The test case is of course trivial:
//MSVC: /Gy /link /OPT:ICF
int test1(void) { return 0; }
int test2(void) { return 0; }
int main(void) { return test1 == test2; }
I've tried -Wall
, -Wextra
, -Weverything
, -pedantic
, etc. but none of them generate warnings.
Is there any compiler option or tool (whether part of Visual C++, GCC, Clang, or other) that can analyze my code and tell me where I'm comparing function pointers with each other, like in the code above?
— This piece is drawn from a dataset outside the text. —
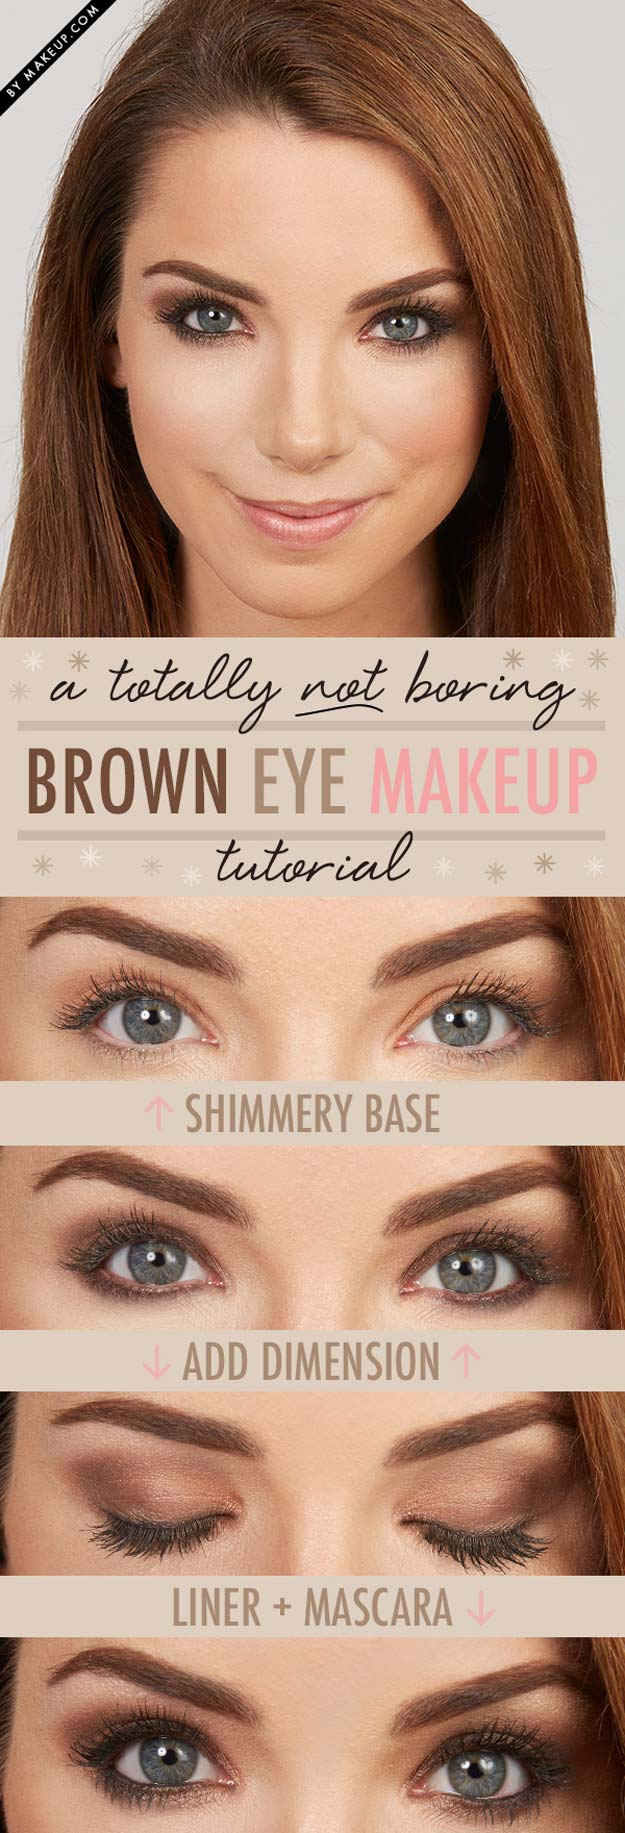 How To Do Makeup For Brown Eyes 34 Sexy Eye Makeup Tutorials The Goddess

Is there any compiler option or tool (whether part of Visual C++, GCC, Clang, or other) that can analyze my code and tell me where I'm comparing function pointers with each other, like in the code above?
I'm not sure if there exists such a compiler option.
However, there is such a tool. clang-tidy. You can write your own checks for clang-tidy, it's actually remarkably easy if you follow this blog. Specifically, the AST comes with a bunch of matchers already, which should handle the use-case you want.
Something like this seems to work:
binaryOperator(
anyOf(hasOperatorName("=="), hasOperatorName("!=")),
hasLHS(ignoringImpCasts(declRefExpr(hasType(functionType())))),
hasRHS(ignoringImpCasts(declRefExpr(hasType(functionType())))))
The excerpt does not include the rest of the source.